My disease is still treatable by surgery, but should I need systemic therapy, I’d like to know that I have more to choose between than IL-2 straight up and IL-2 on the rocks. Everyone I’ve heard from seems to think that Yervoy will be poaching market share from Proleukin, but my guess is the two drugs will coexist for a time while additional clinical trials are done to provide more specific data on Yervoy’s benefits. As with so many promising treatments before it, the new drug could yet prove to be a disappointment.

There is also the aberration that in cases where metastases are restricted to subcutaneous tissue (as they have been for me), research shows that more than 50% of patients respond to IL-2. To my knowledge, there are no data yet on what the corresponding figure is for Yervoy. It’s also not known what percentage of the responders to IL-2 had durable responses. A virtual cure is what matters most to me—not just knowing that your tumors aren’t growing bigger.

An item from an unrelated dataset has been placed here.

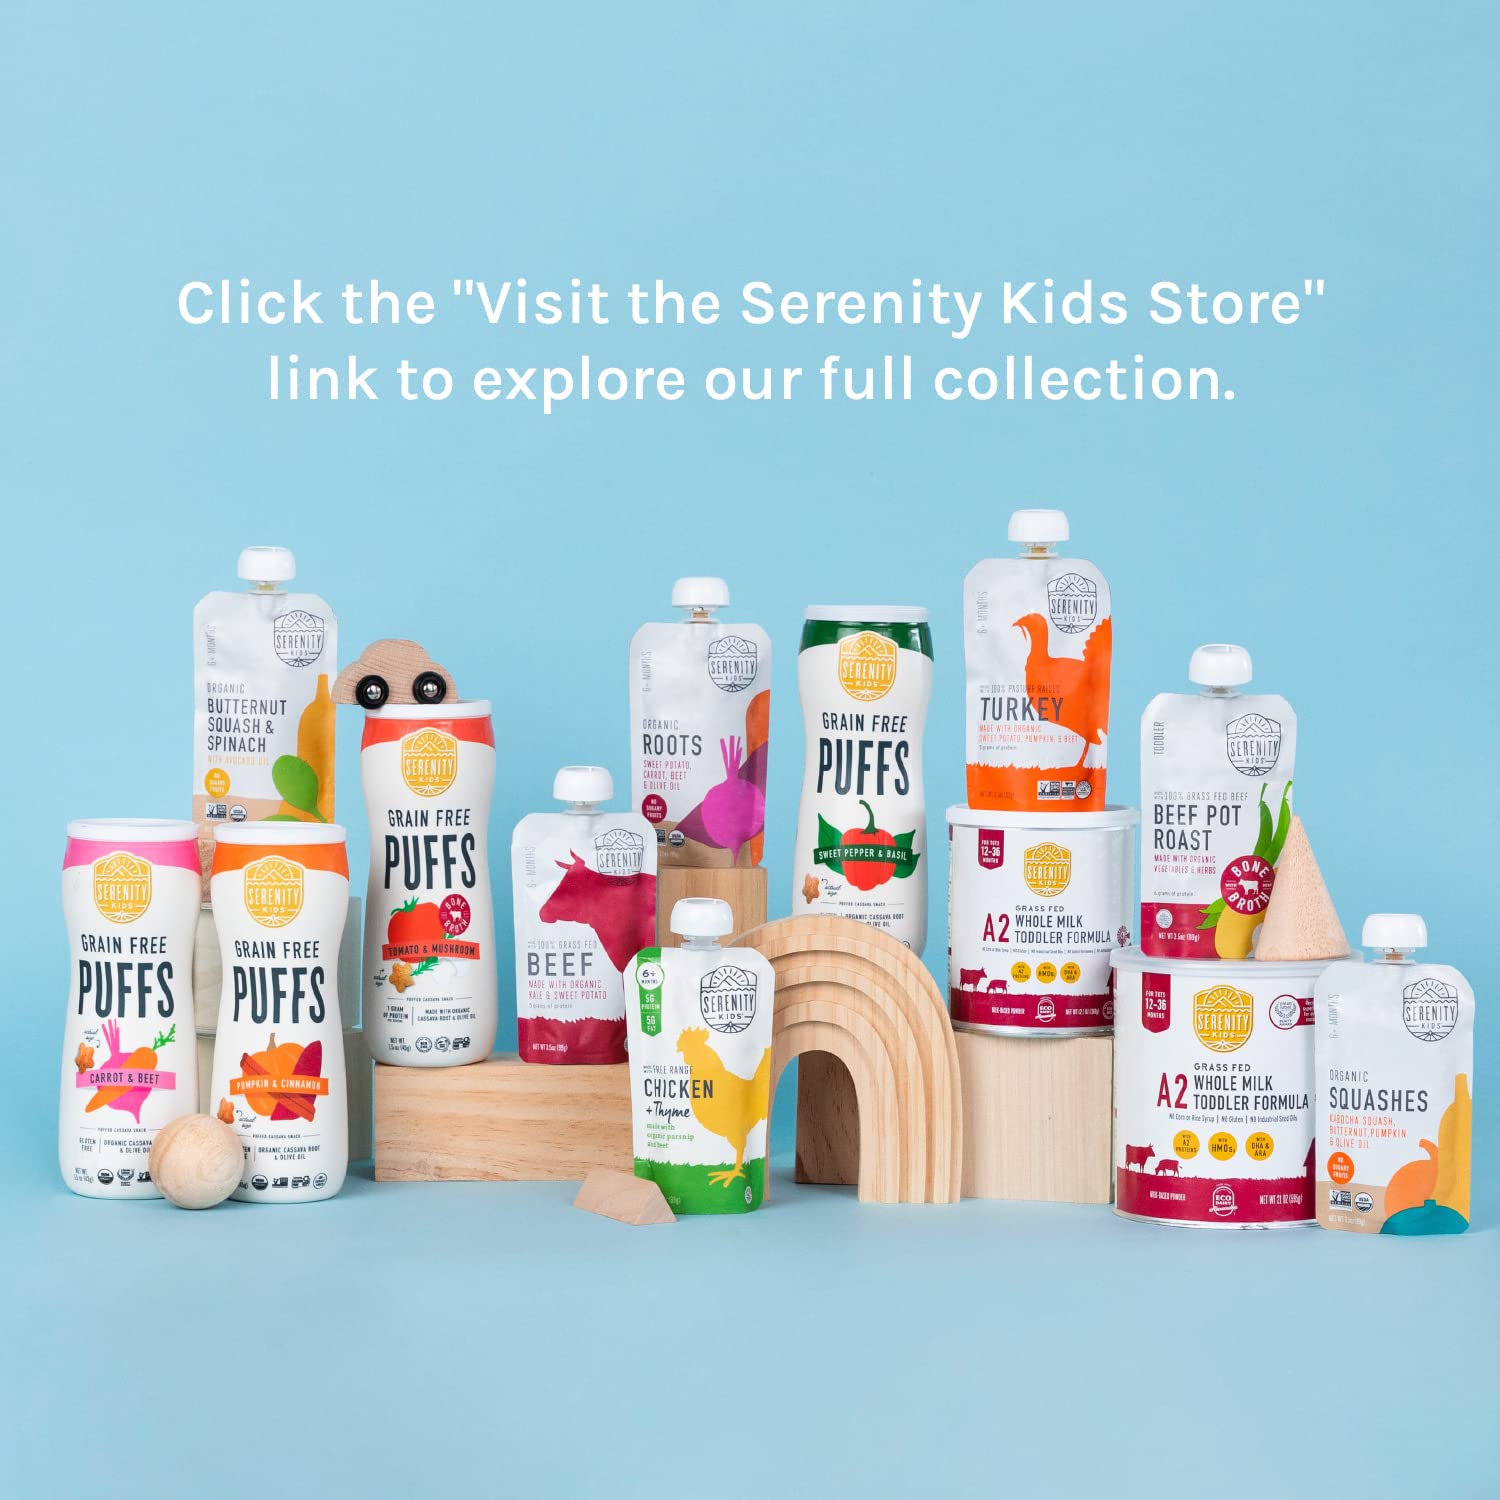 Serenity Kids Regenerative Land to Market Verified Baby Food Pouch Bundle | 6 Each of Grass Fed Bison, Beef & Ginger, and Beef (18 Count)

I have an appointment next month with my oncologist, so we’ll discuss this matter then of whether Proleukin or Yervoy makes most sense as a first-line treatment should I need to choose one. It’s also possible there are clinical trials of targeted therapy or other drugs that make sense for me. Proleukin’s ad campaign won’t make a big difference in my thinking, but I’m gratified to know there’s competition for my attention.

1 comment:

Anonymous said...

Please tell us of the newly (8/14/11) approved drug Zelboraf (Roche) to treat Melanoma.
Is this only for specific patients with the BRAF mutation?